# What you have to do
Using the data below, print exactly the line with "arboretum_jelovnik_menu_design.jpg", the line with "Iowa basketball: Hawks", and every line between them, but none of the pictures.

# Record set
○ ○ ○ ○ ○ ○ ○

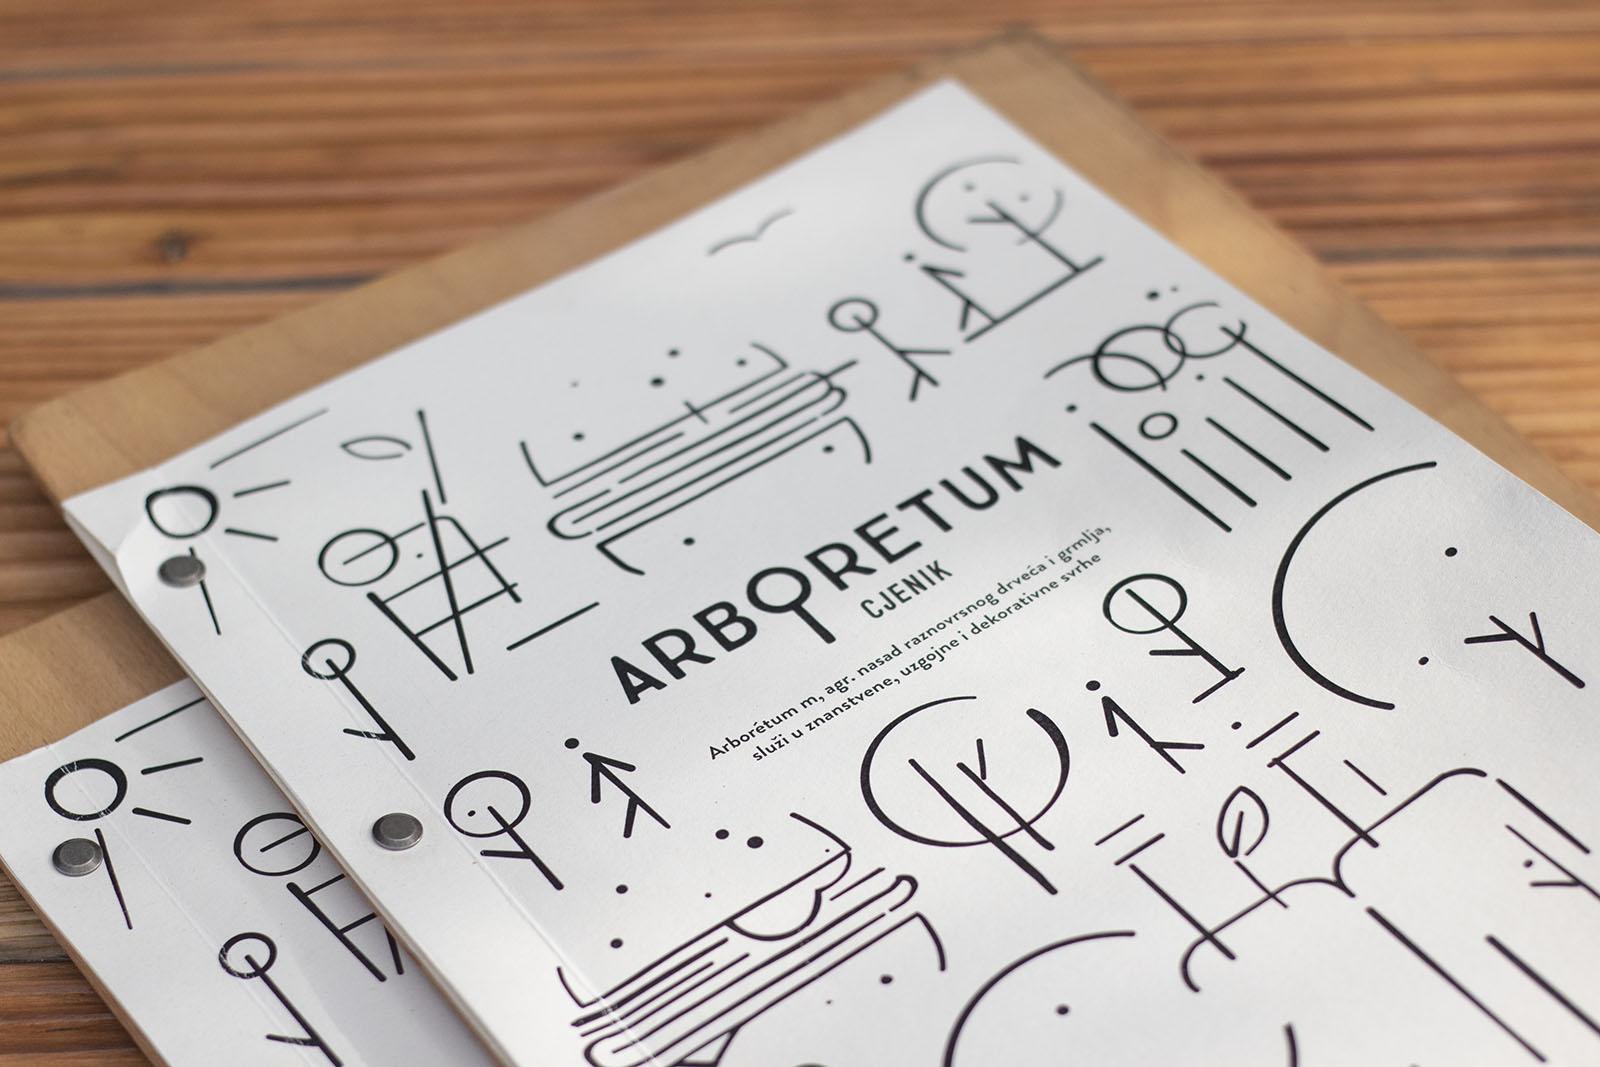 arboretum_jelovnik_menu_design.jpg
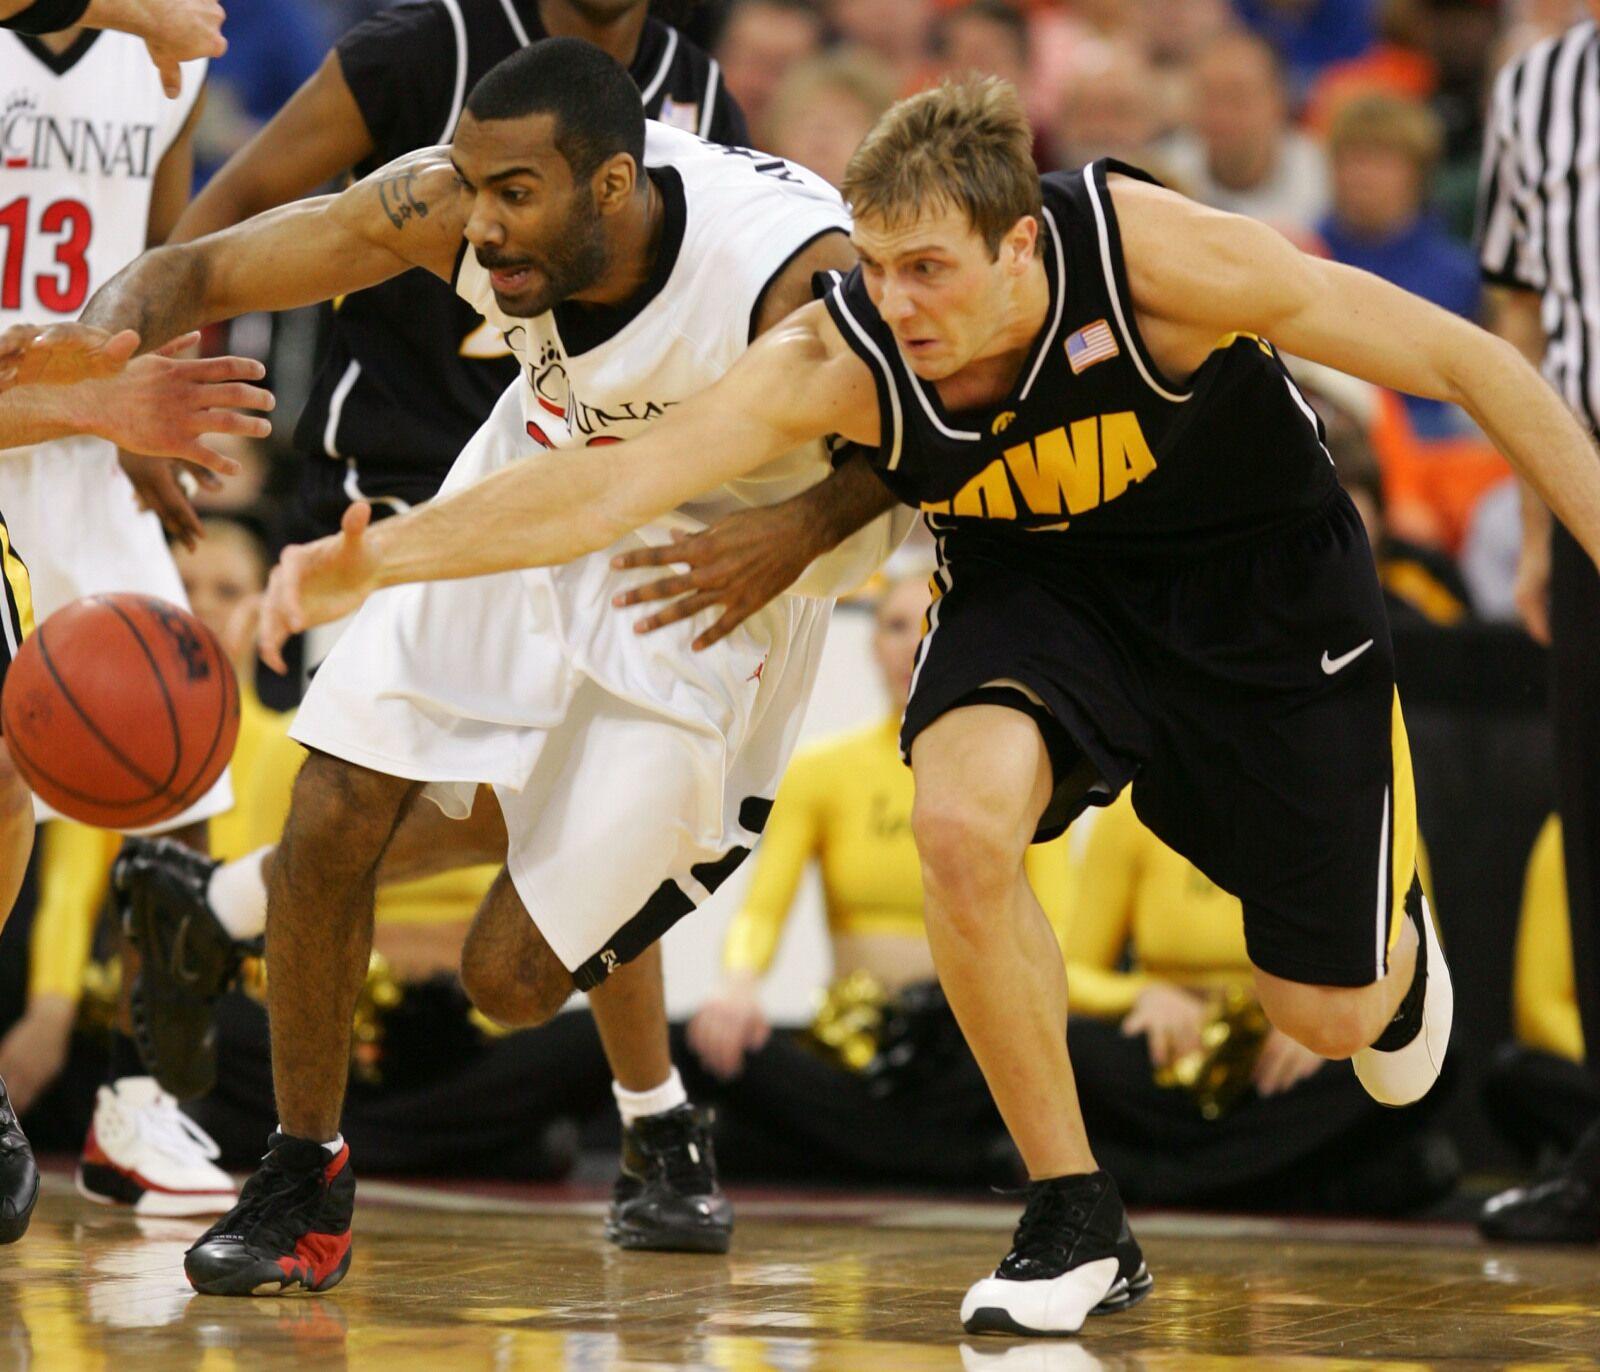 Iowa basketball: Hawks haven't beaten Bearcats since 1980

○ ○ ○ ○ ○ ○ ○

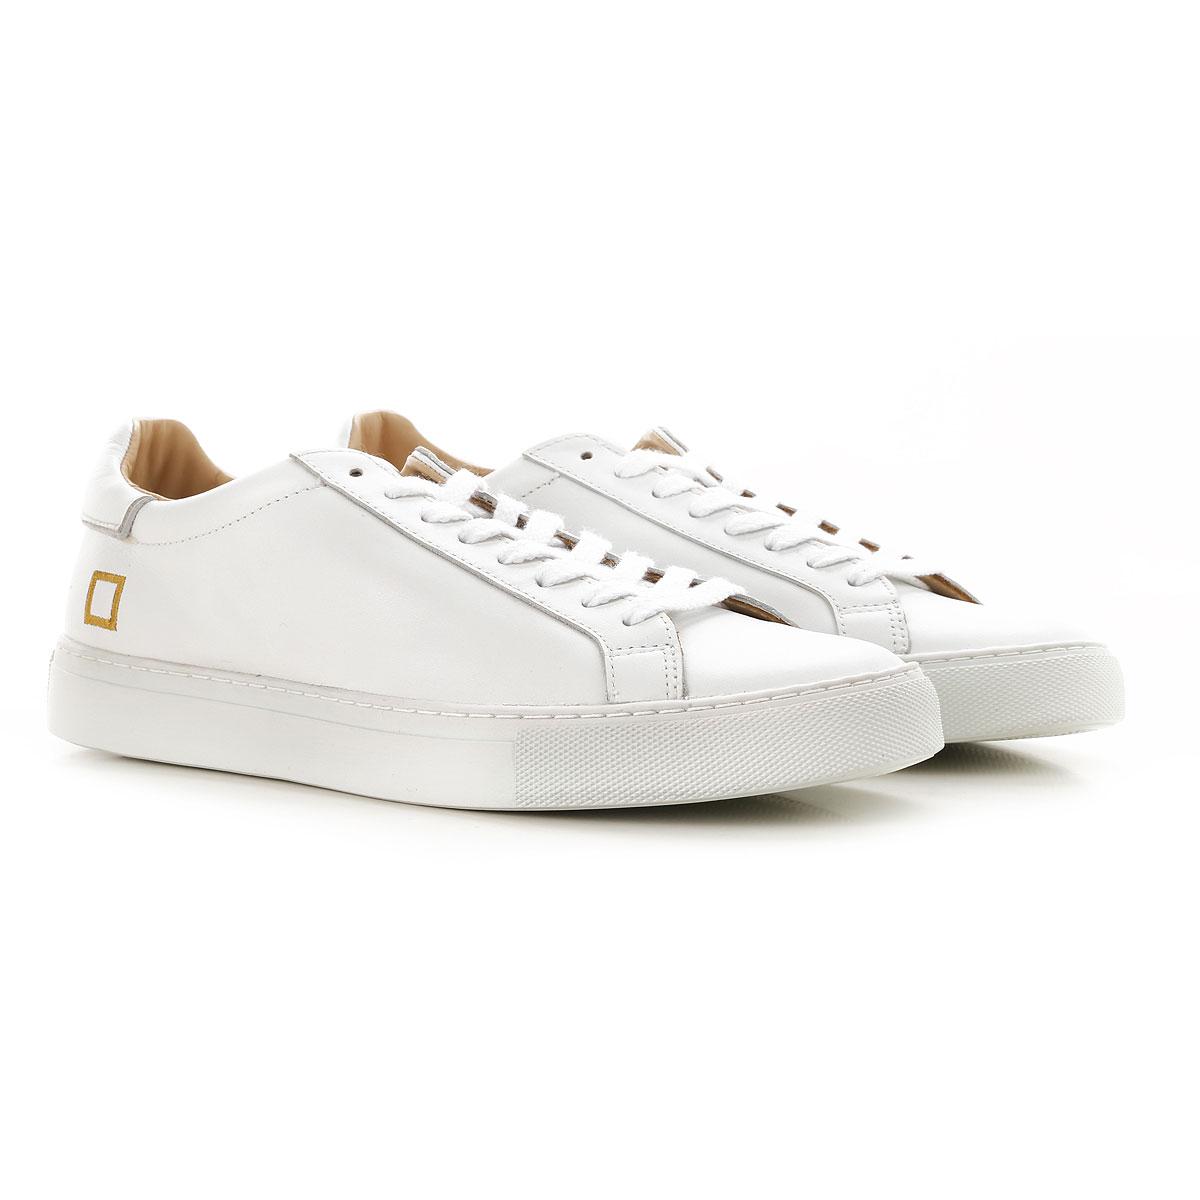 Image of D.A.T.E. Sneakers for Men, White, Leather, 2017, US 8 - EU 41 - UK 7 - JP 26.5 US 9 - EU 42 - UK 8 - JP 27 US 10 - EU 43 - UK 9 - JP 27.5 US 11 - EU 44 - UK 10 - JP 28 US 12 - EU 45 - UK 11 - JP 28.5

○ ○ ○ ○ ○ ○ ○

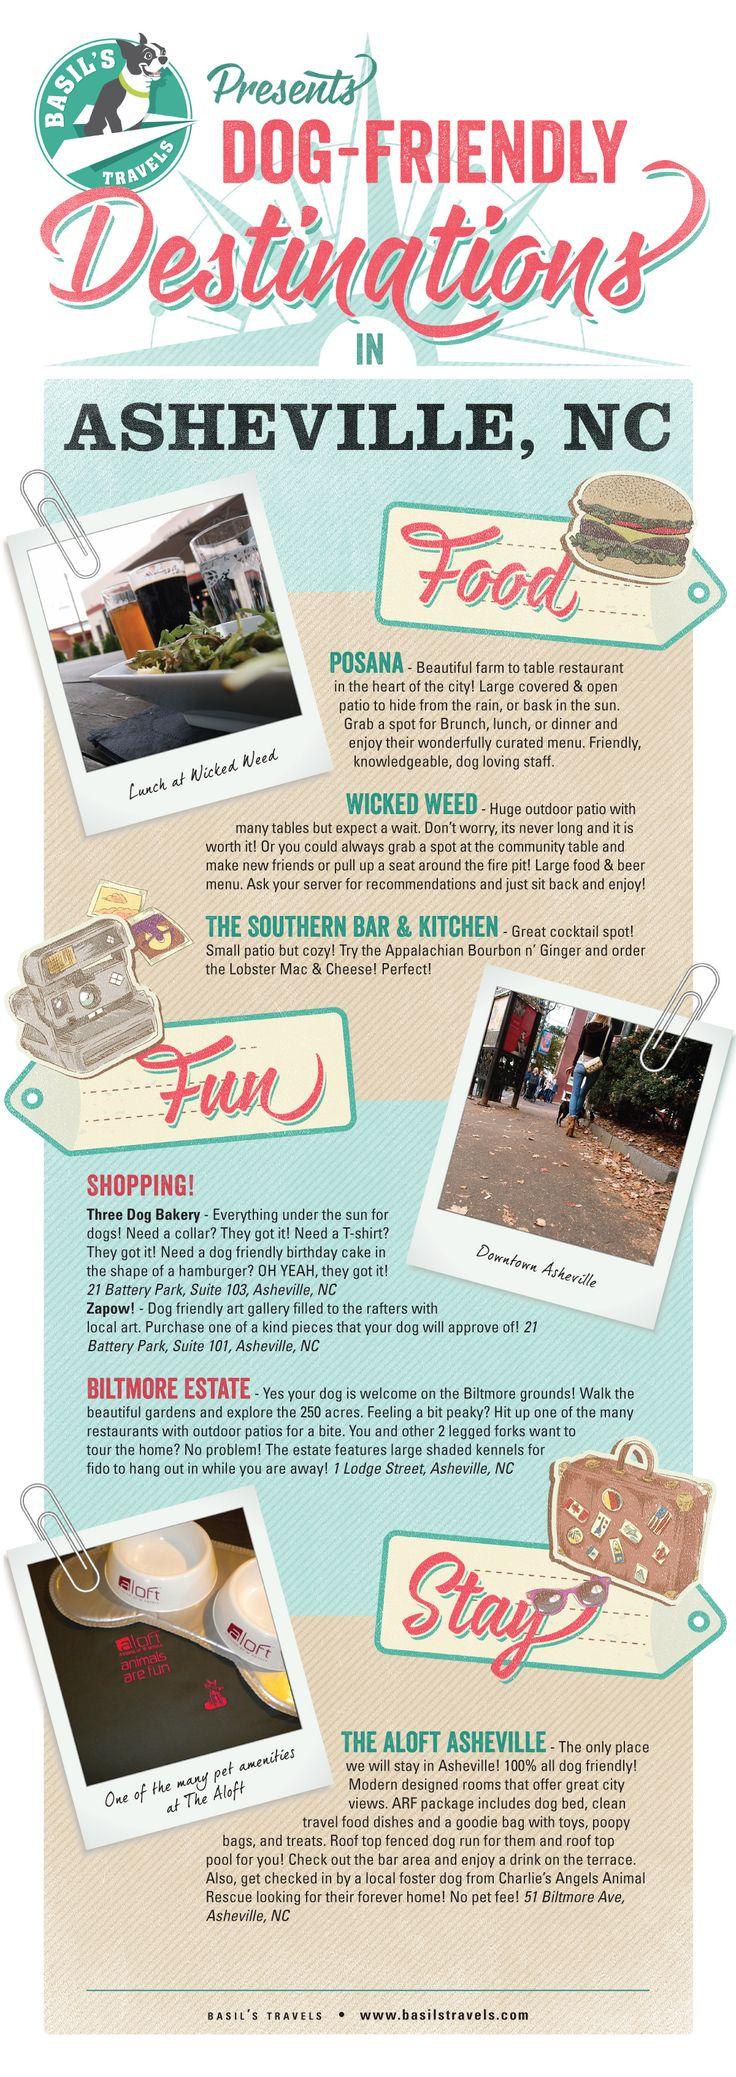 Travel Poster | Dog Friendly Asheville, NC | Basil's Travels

○ ○ ○ ○ ○ ○ ○

# Your solution
 arboretum_jelovnik_menu_design.jpg
 Iowa basketball: Hawks haven't beaten Bearcats since 1980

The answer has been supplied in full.